=== DATASET EXCERPT ===

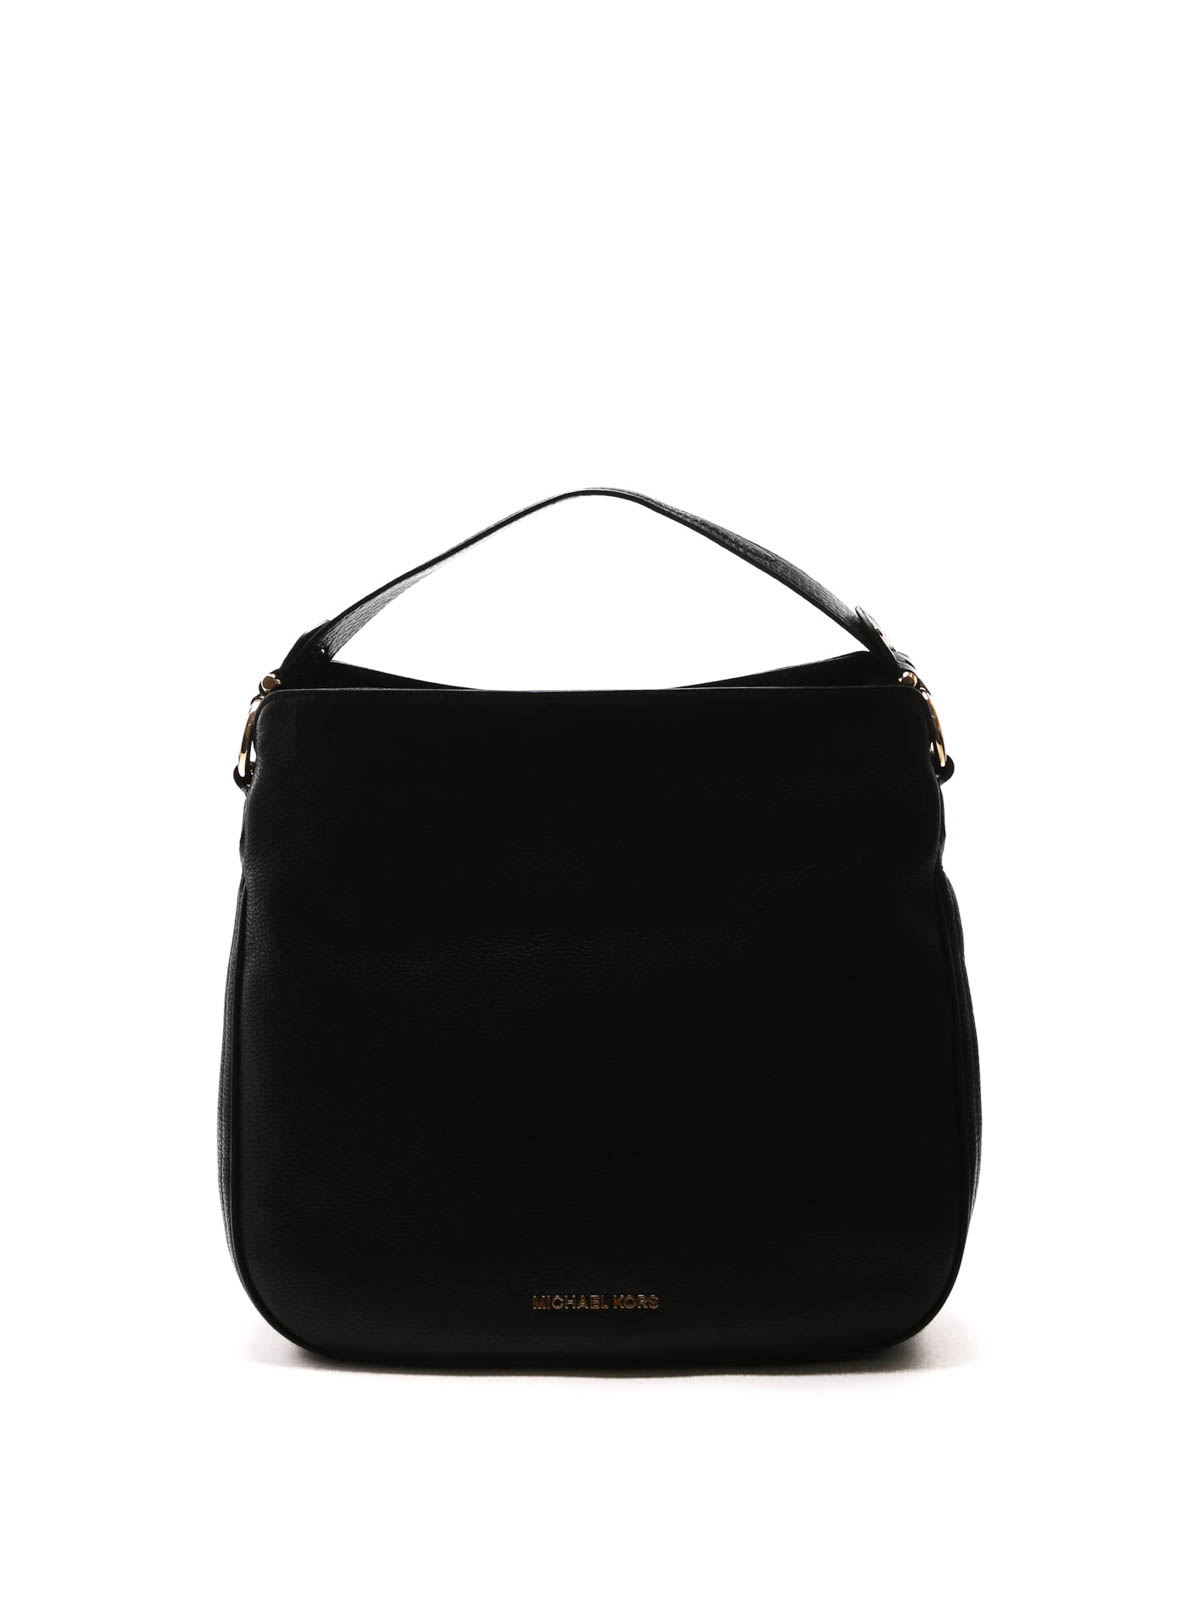 b181b552f7 Michael Kors - Heidi medium hobo leather bag - shoulder bags ...
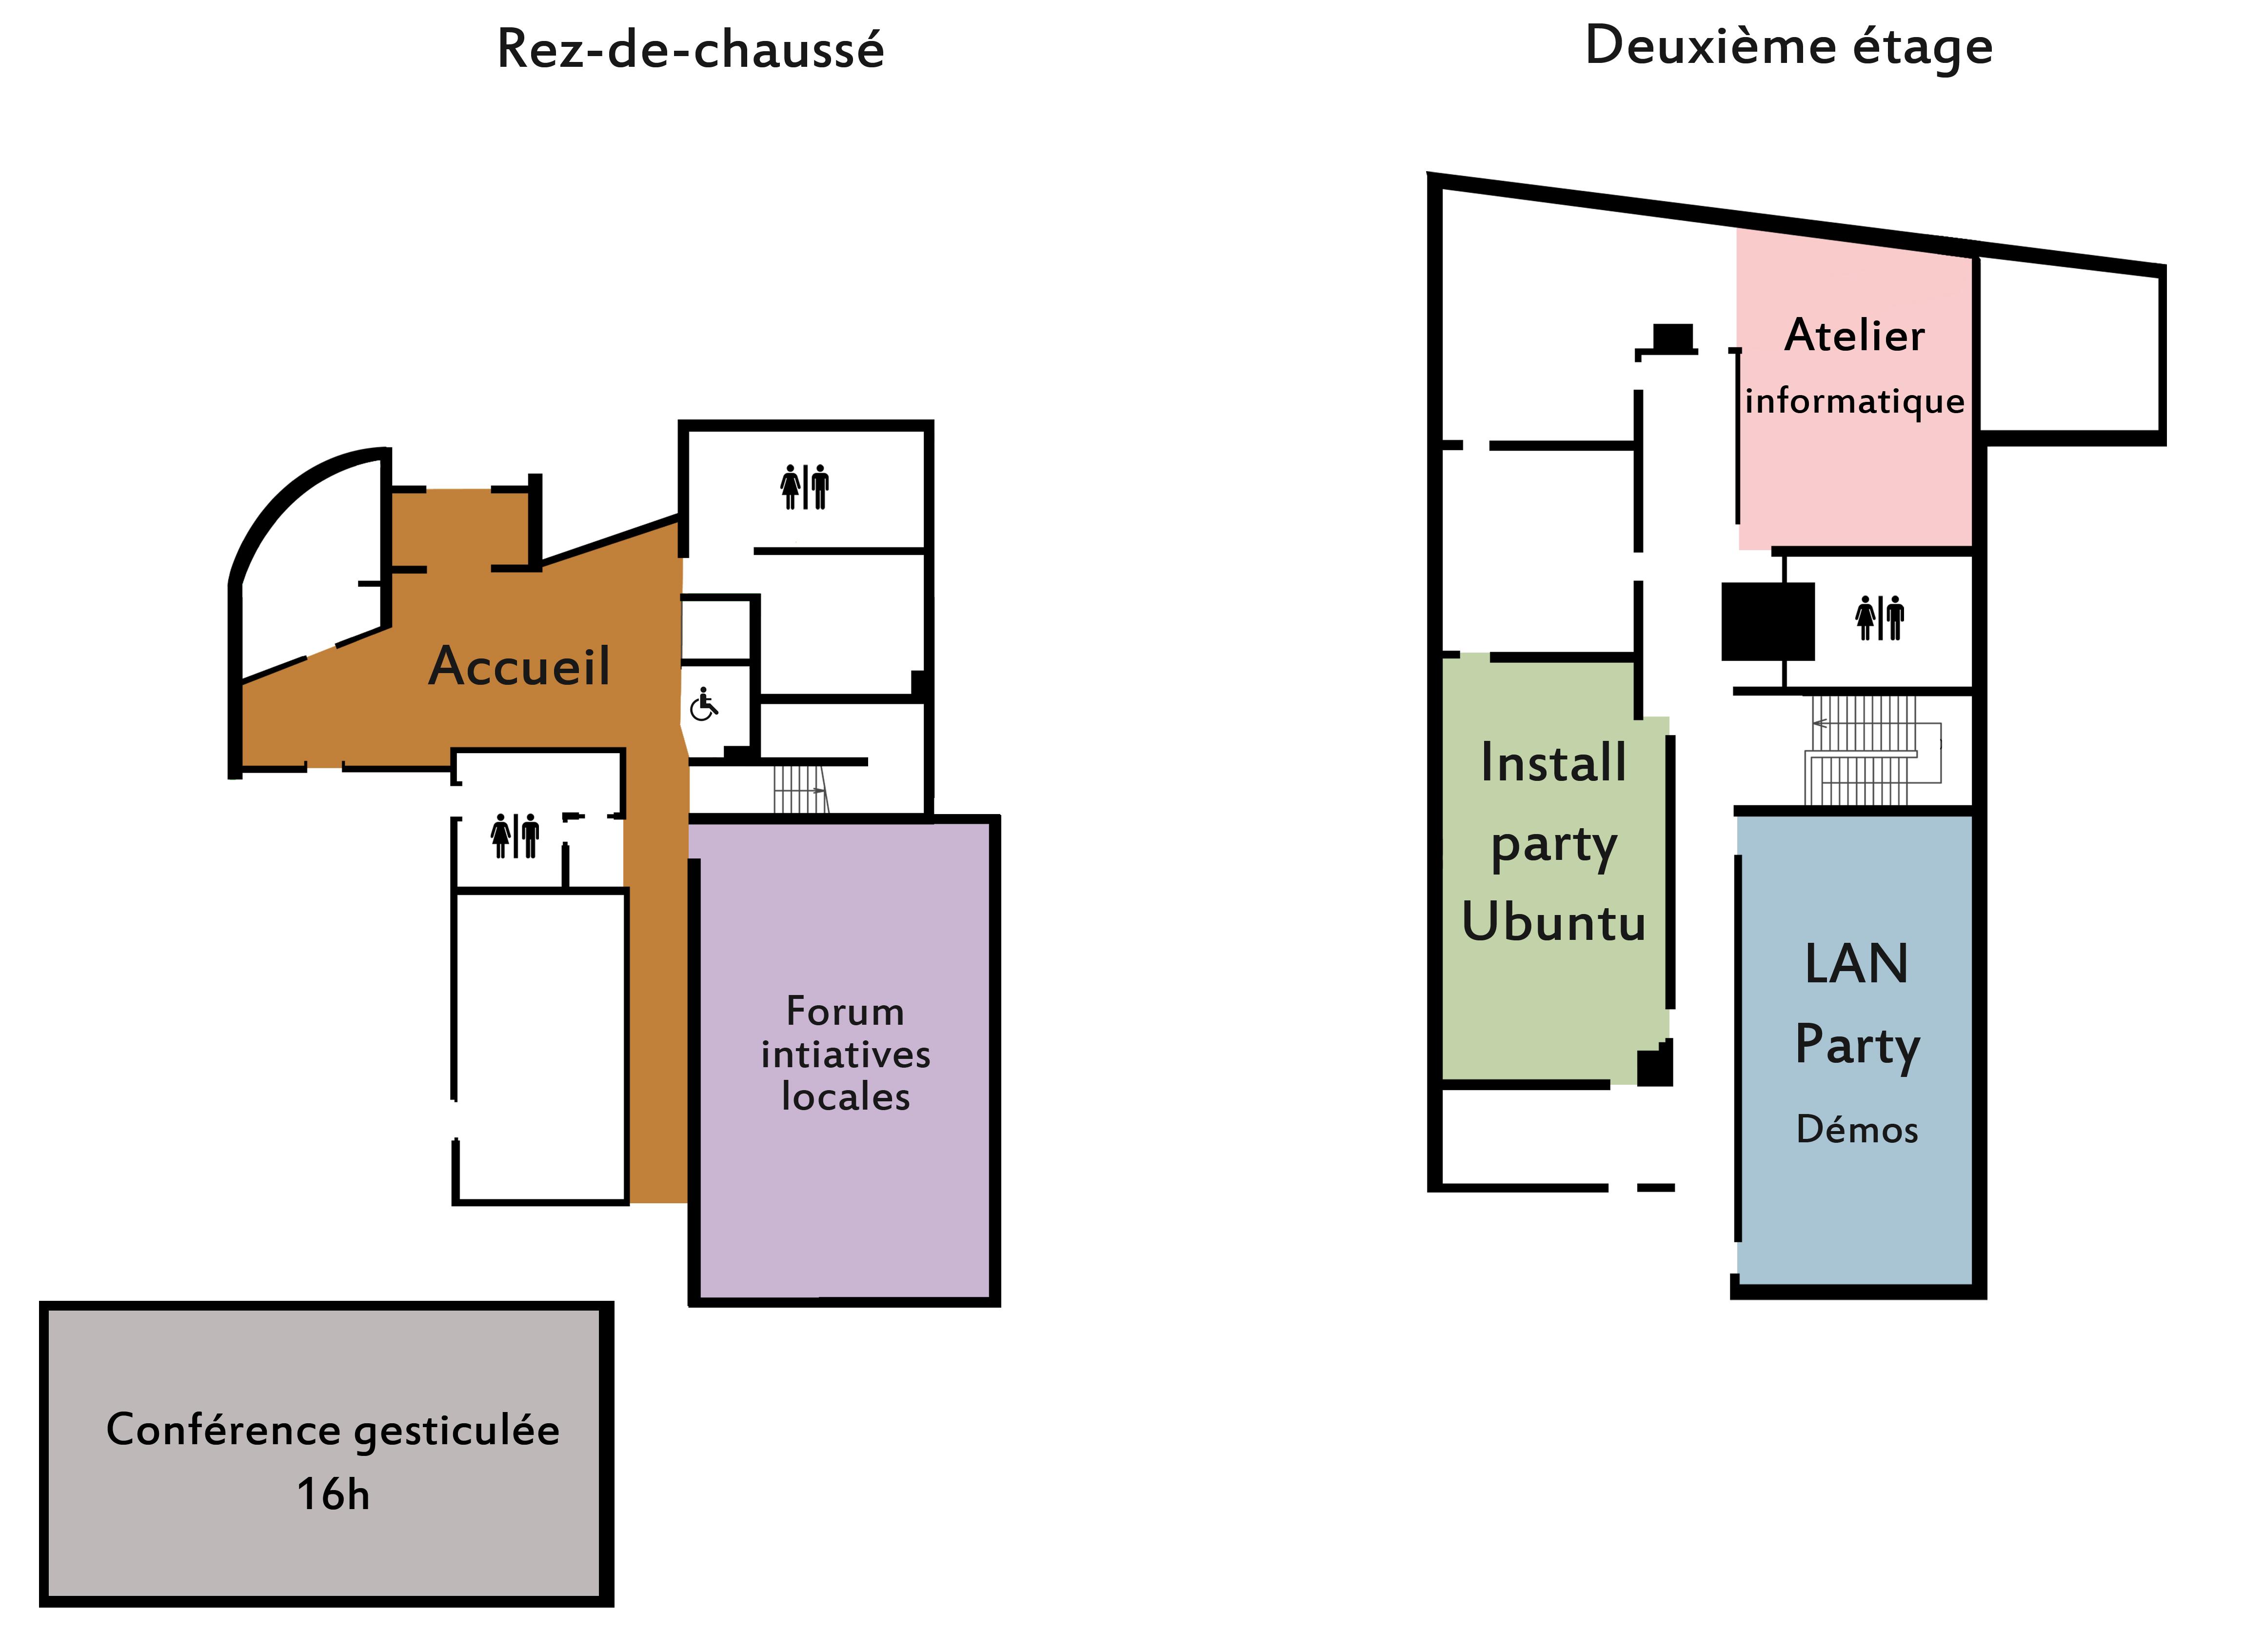 Allplan: 50 49 - L' HYROME - Chemillé
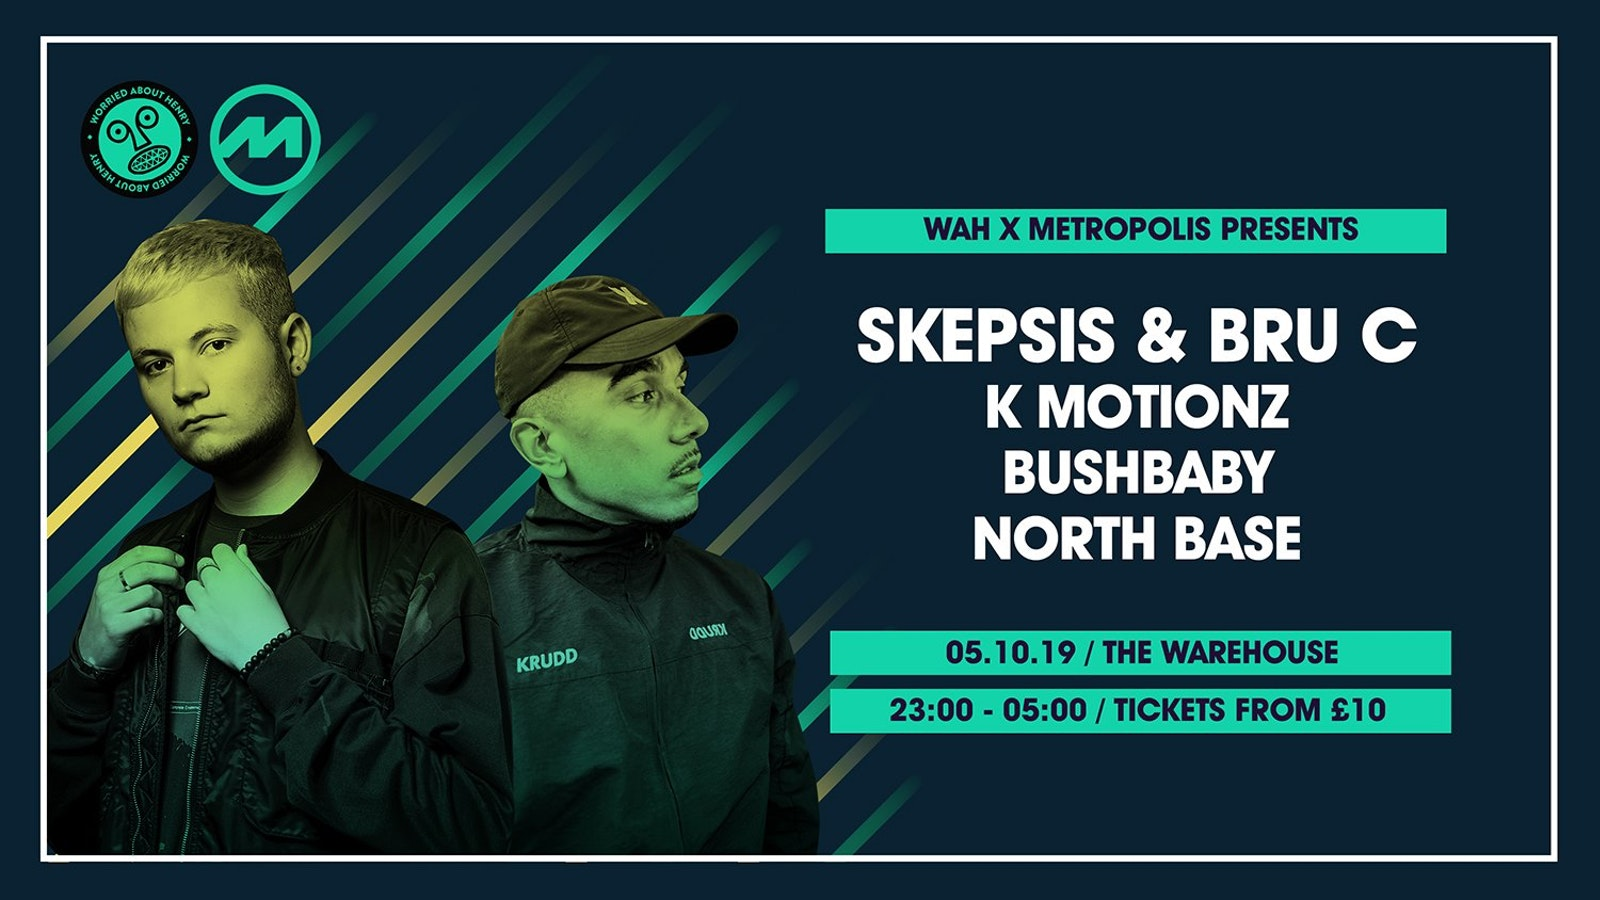 Skepsis & Bru-C, K Motionz, Bushbaby – The Warehouse Leeds

===

**REQUIRED ACTION**
The answer must be the data above, repeated exactly, with no pictures.

**SOLUTION**
 b181b552f7 Michael Kors - Heidi medium hobo leather bag - shoulder bags ...
 Allplan: 50 49 - L' HYROME - Chemillé
 Skepsis & Bru-C, K Motionz, Bushbaby – The Warehouse Leeds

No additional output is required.